Blood tests confirm a second person in Missouri caught bird flu without exposure to infected animals, but questions remain
Blood tests of several people who were in contact with a patient in Missouri who caught H5N1 bird flu without any known exposure to infected animals reveal that at least one of them — a person who lived in the same house and had symptoms at the same time — also had the virus, according to two sources with knowledge of the investigation.
H5N1 is a type of influenza that’s rare in humans but is highly contagious and deadly in several species of animals, including poultry and dairy cattle, raising fears that it could mutate and become a virus that preys on people, too.

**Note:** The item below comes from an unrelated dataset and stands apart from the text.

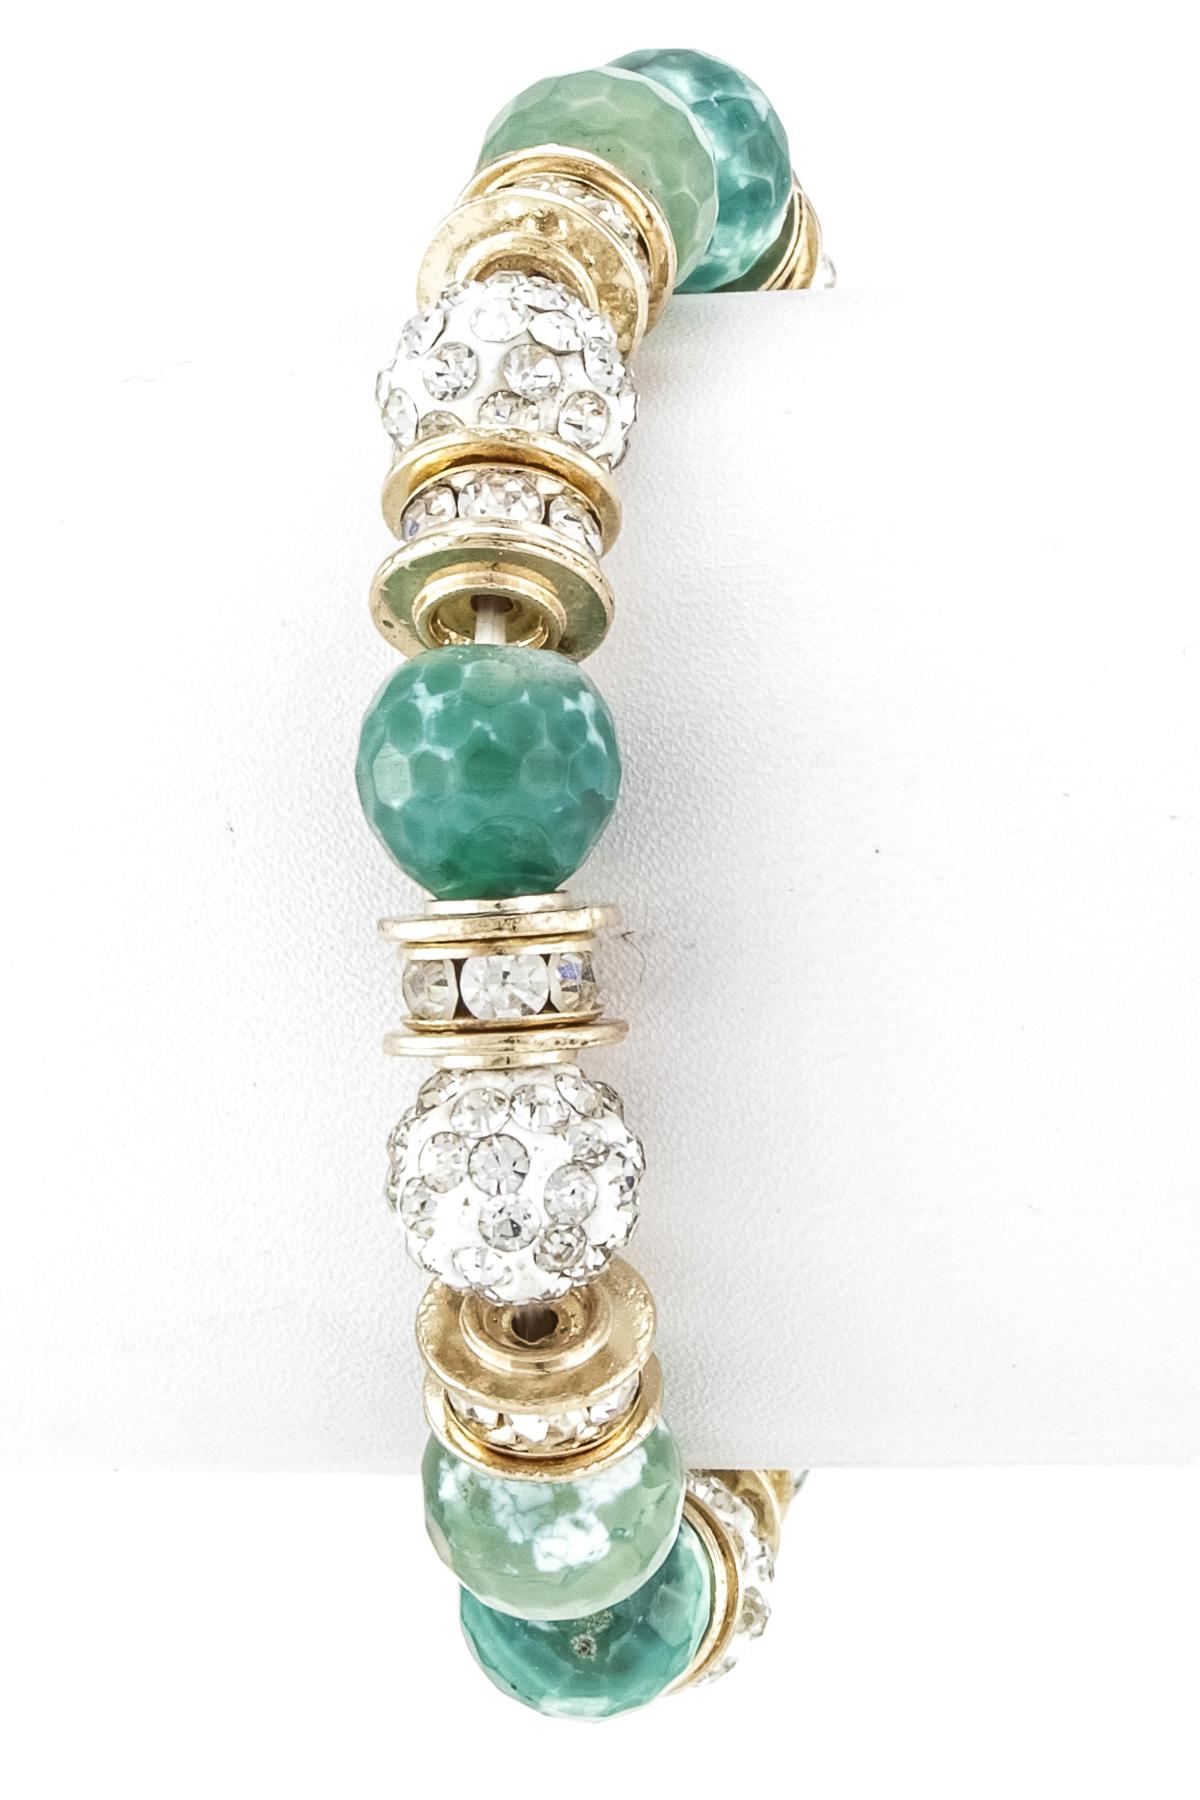 Semi Precious Stone Pave Ball Stretch Bracelet - Bracelets

The specialized blood tests, which were conducted by scientists at the US Centers for Disease Control and Prevention in Atlanta, looked for immune proteins called antibodies made in response to an infection. These antibodies confirm that a person has had an infection with a particular pathogen. The results were shared more widely with public health officials, scientists and the media in several calls hosted by health officials on Thursday morning.
The tests were conducted to understand whether the Missouri patient – who is the first known person to catch H5N1 influenza in the United States without any apparent exposure to infected animals – infected anyone else. So far, the H5N1 virus has not been able to spread easily between people. Infectious disease experts fear that if the virus gains that ability, it could touch off a new pandemic.

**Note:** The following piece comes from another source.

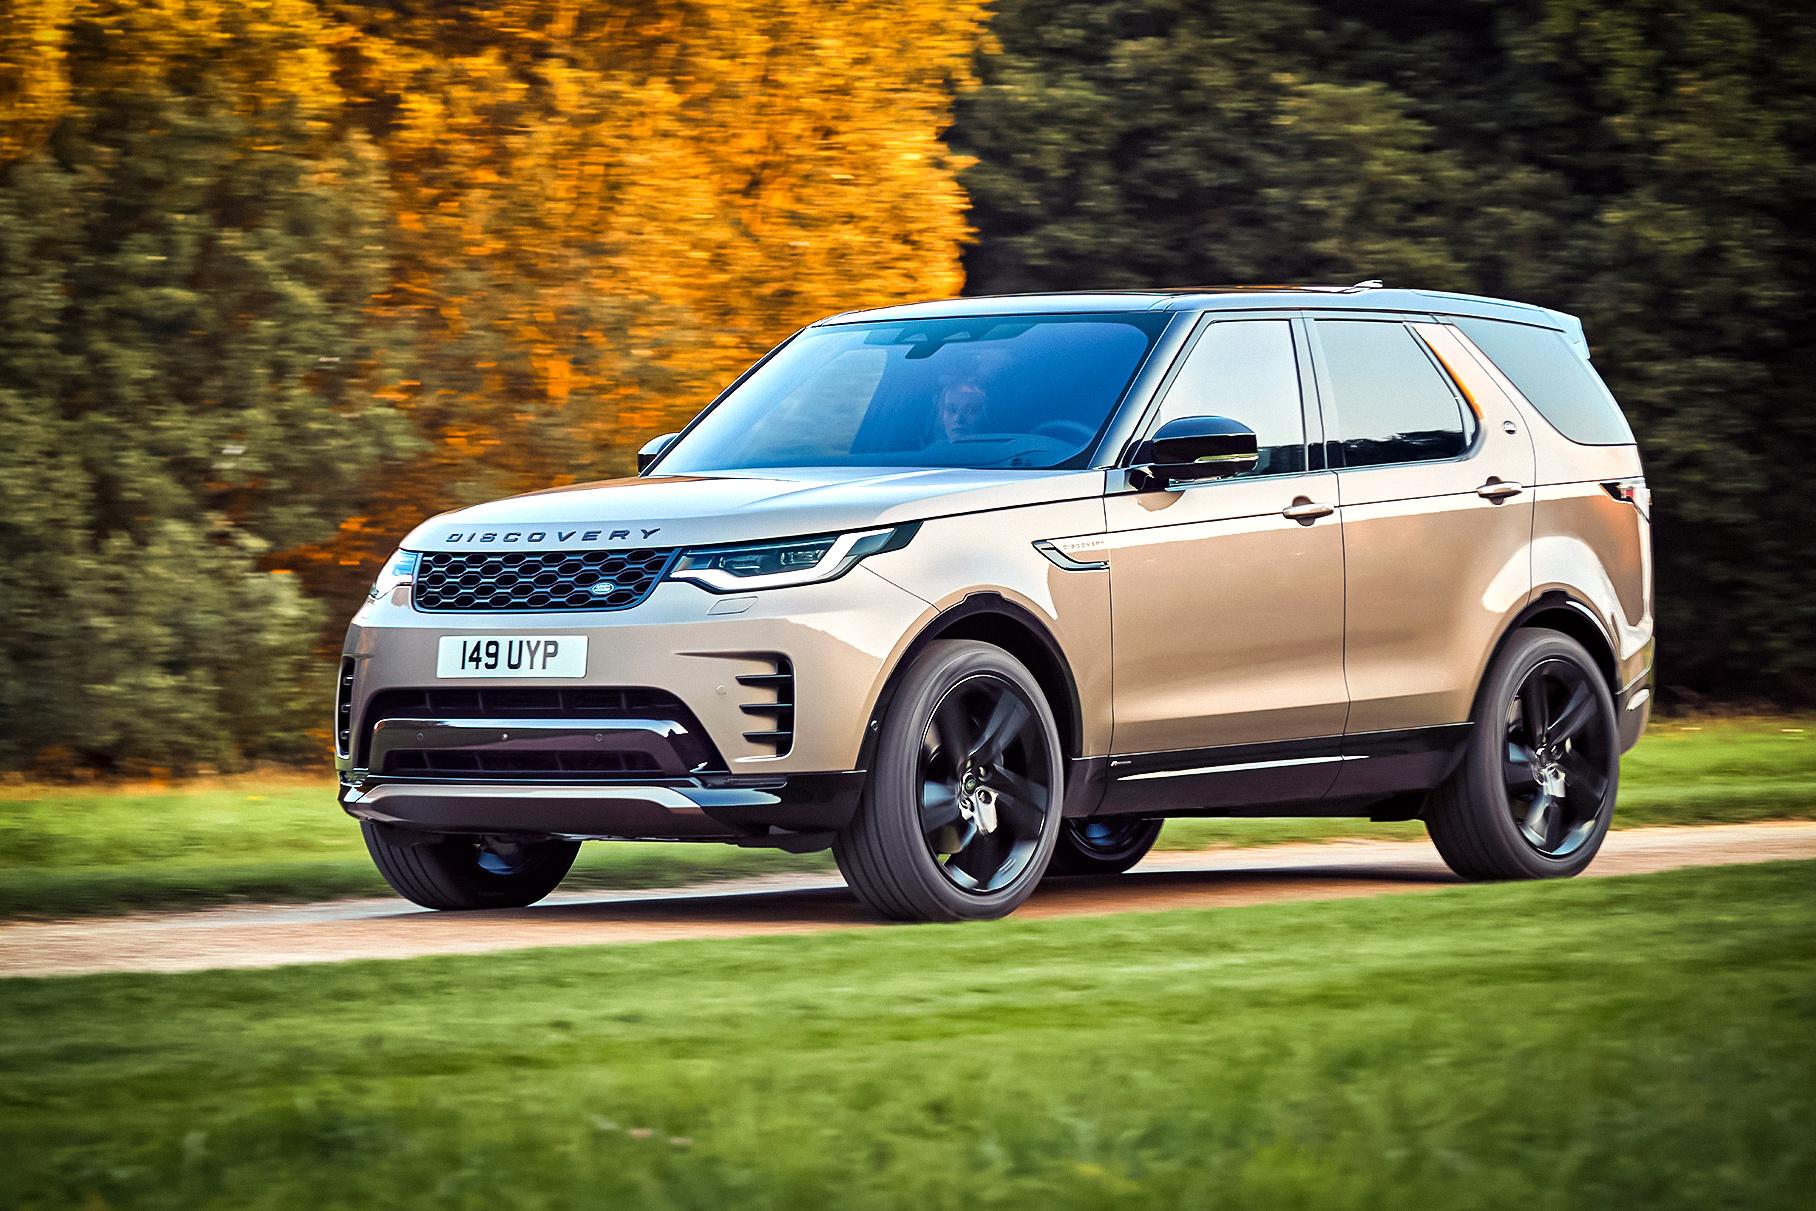 Land Rover Discovery обновился и получил новые моторы

Although the results don’t definitively rule out human-to-human transmission of the virus, they do suggest that it isn’t common or widespread and that it didn’t happen in a health-care setting where caregivers have close physical contact with patients, CDC officials said. Even though a person living in the patient’s household was also positive, the CDC says the timing of their illness suggests that both had a common exposure rather than one catching it from the other.
Around the United States, more than two dozen people have tested positive for H5N1 flu this year, and nearly all of them have reported exposure to infected dairy cows or chickens, according to the CDC.